Twenty-five years ago, the South African-born, Modern Orthodox couple started Elite Cuisine, with both a deli and takeout in Santa Monica and near Hancock Park.
Then about 15 years ago, they decided to close up shop and open a real restaurant. "We felt our skills were more toward restaurant than deli," said Pat Fine. She felt her culinary talents were wasted on a deli.
She likes to tell the story of an early dissatisfied walk-in.
"Where's the chicken soup and matzah balls?" he demanded. Today, she said, this same man calls in his order for the ravioli of the day.
"He never asked for chicken soup again," she said. "From gefilte fish and matzah balls, in many respects we educated the customers."
"We wanted to make people proud to come into our restaurant, not to feel it was kosher," she said, echoing many of the new restaurateurs.
"We wanted to take kosher out of the dinginess into the limelight, to show that kosher can be delicious. In those days, it was falafel, stuffed cabbage."
When they opened the eponymous Pat's in what now seems like a prime location on Pico Boulevard and Doheny Drive, Pico wasn't the "hood" it is today. The center of L.A. Modern Orthodoxy was just first beginning to bloom, and there were only a few kosher places.
"It was sparse," said Errol Fine.
There were a few other kosher places: The Milky Way preceded them, as did a smaller Pico Kosher Deli, but Nagila pizzeria and schwarma, a local teen and family hangout, came later. Nowadays, Pico is to kosher what Rodeo Drive is to luxury.
"We're the anchor for the restaurants around here," he said.
Pat's is also a catering business, with exclusive contracts to the Ritz chain and the Simon Wiesenthal Center, and subcontractor for many events in the city, for example, if a Spago event needs to be kosher or have kosher food, which increasingly occurs nowadays. The catering business accounts for about 65 percent of their revenue and serves as a model for many new establishments in the city that hope to offer catering, as well.

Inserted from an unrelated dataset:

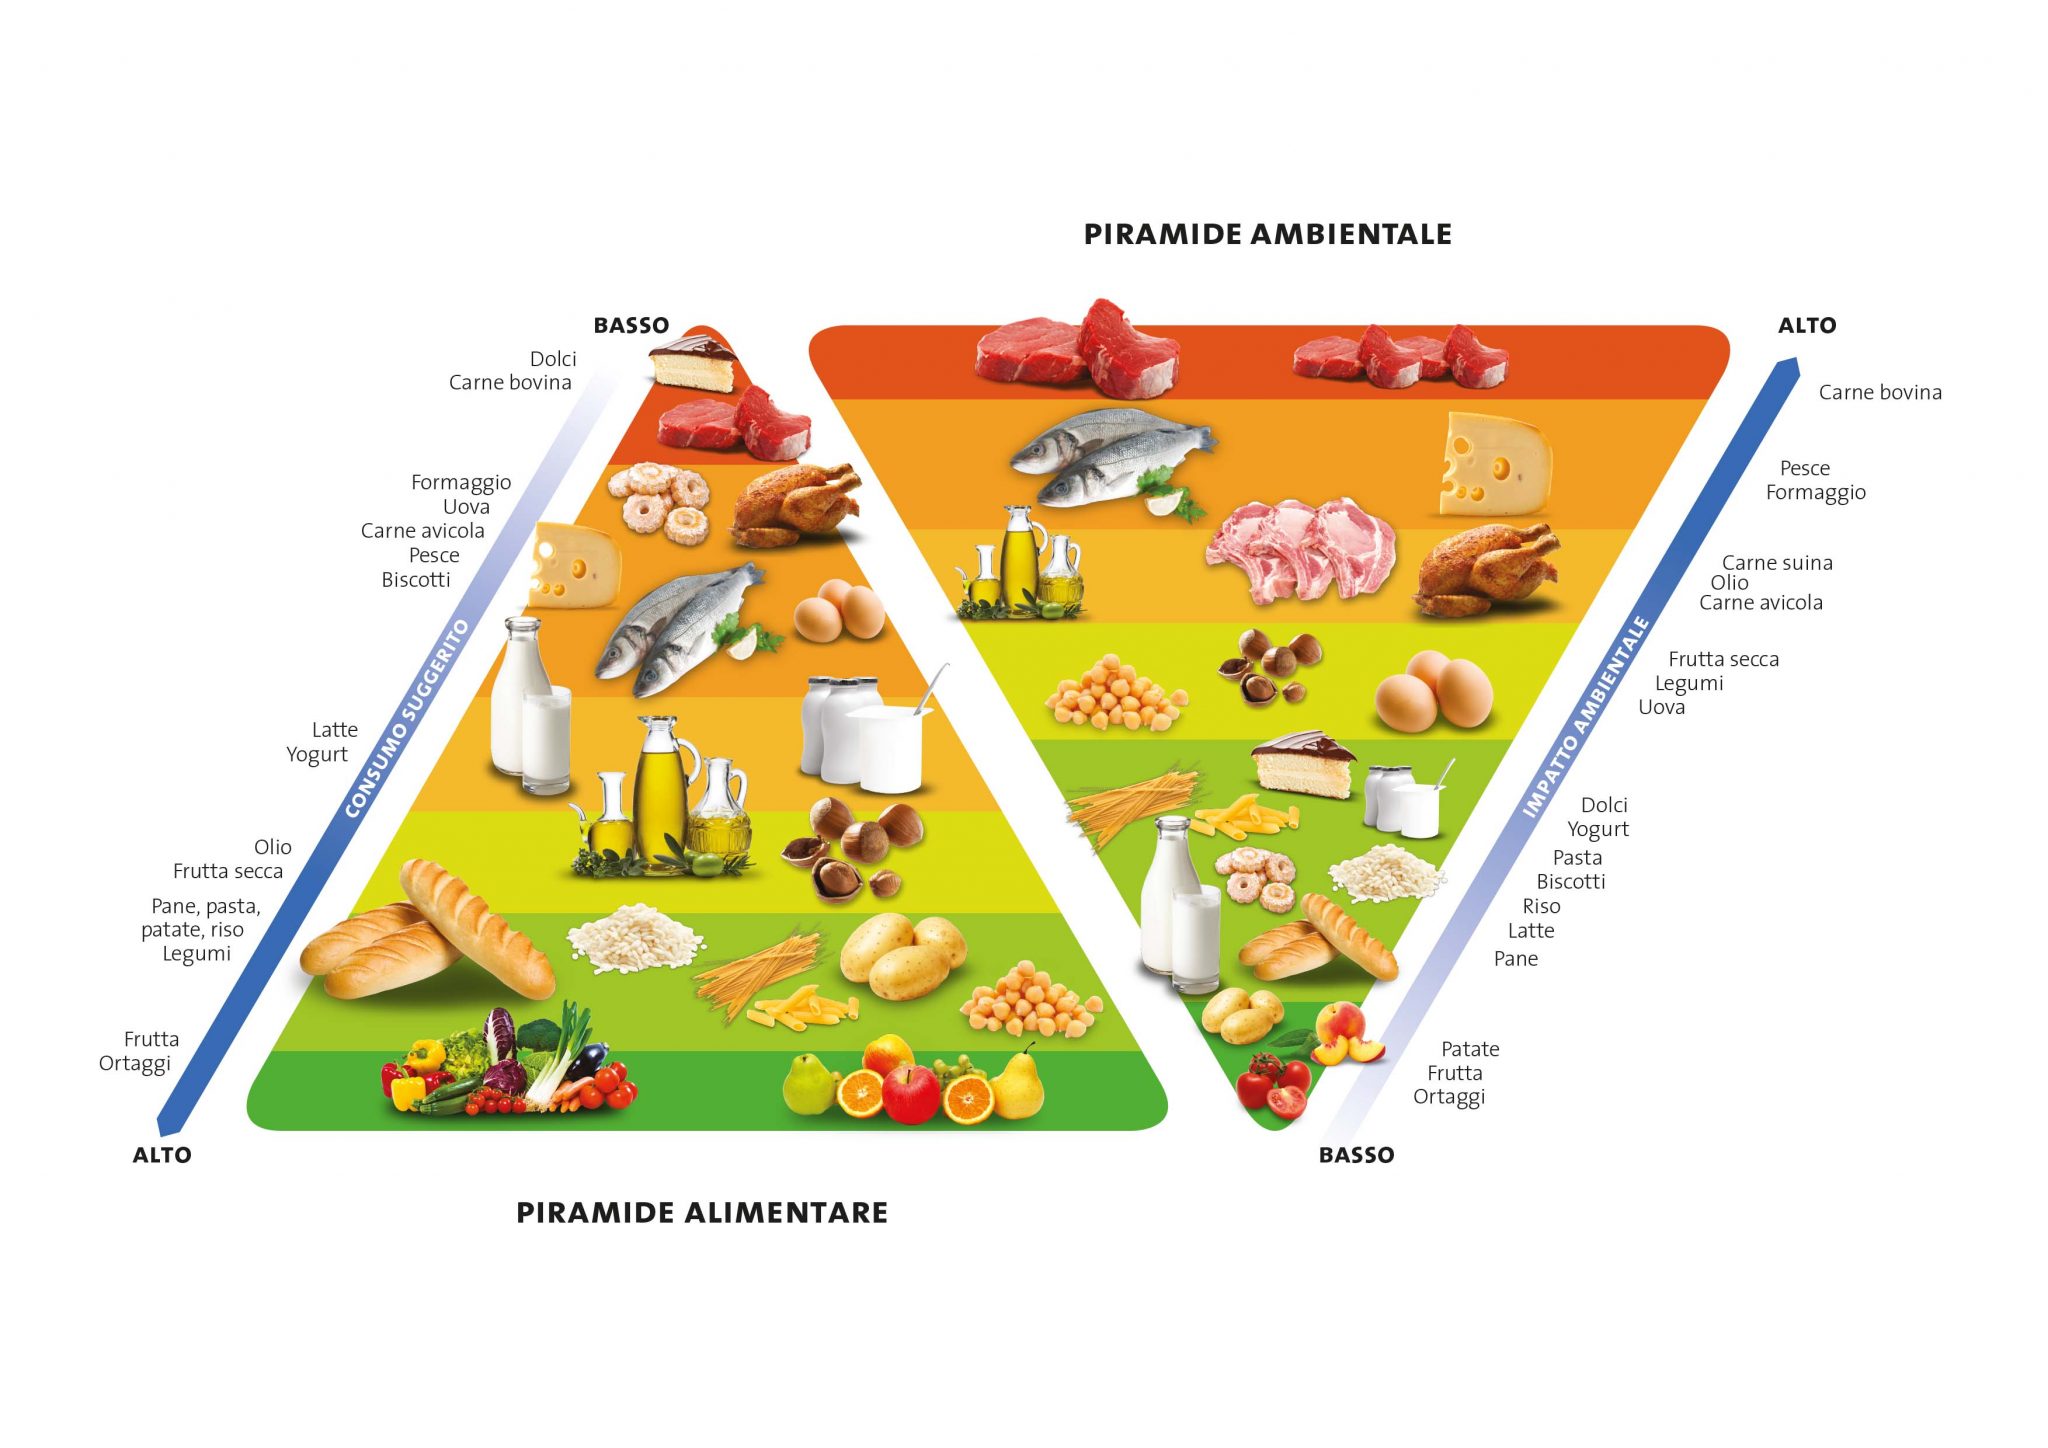 Il modello di Doppia Piramide alimentare e ambientale

The restaurant seats about 120 and has been redecorated twice to keep up with the times. That's very important to Pat Fine. "We keep up with the current food trends," she said, talking about health, portion control, elegant presentation and the latest food demands. For example, Tuesday nights are sushi. Seared tuna is an appetizer.

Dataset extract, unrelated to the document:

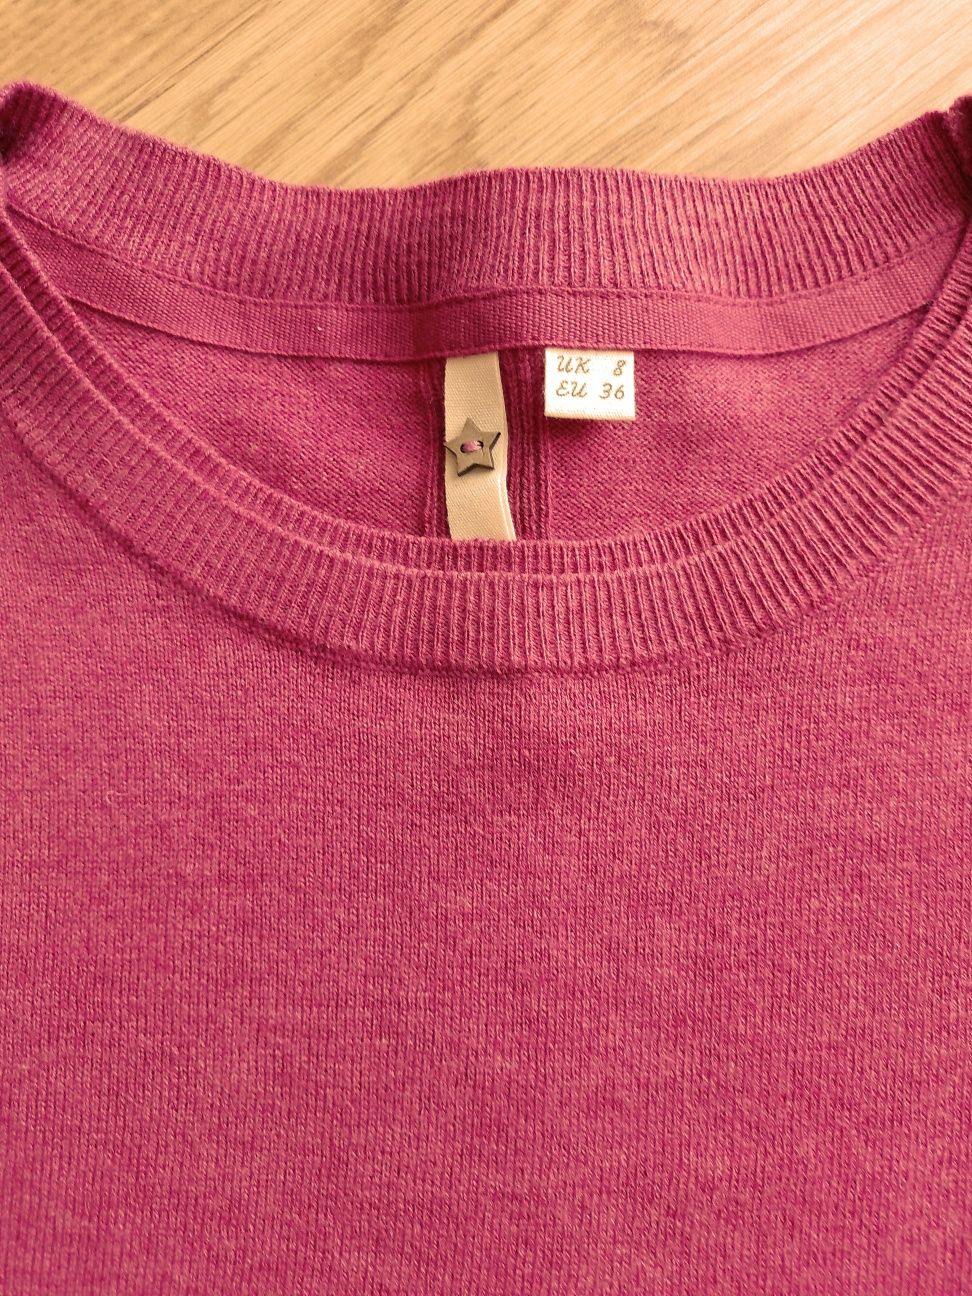 46р Новый  женский свитер  (Германия) 55%шерсть 45%котон

Avocado graces the salads. For the most part, Pat's can be called fusion, with options of meat, chicken, fish and pasta.
"The customer has become more sophisticated," Errol Fine said.
"People are becoming ba'al teshuvah and they know what to eat, but everyone's excited to try new things."
Today one probably wouldn't call Pat's cutting-edge kosher. Pat Fine is a self-taught cook (trained as a pharmacist), and many describe the restaurant as more of a day-to-day place, rather than an "event" restaurant. But the Fines said they welcome the new arrivals.
"In a way it just underlines the fact that we're good, and it gives our customers another choice. The community has grown," Errol Fine said.
Besides, Pat's has been around for a while.
"Restaurants have come and gone," he said. "It all takes the test of time."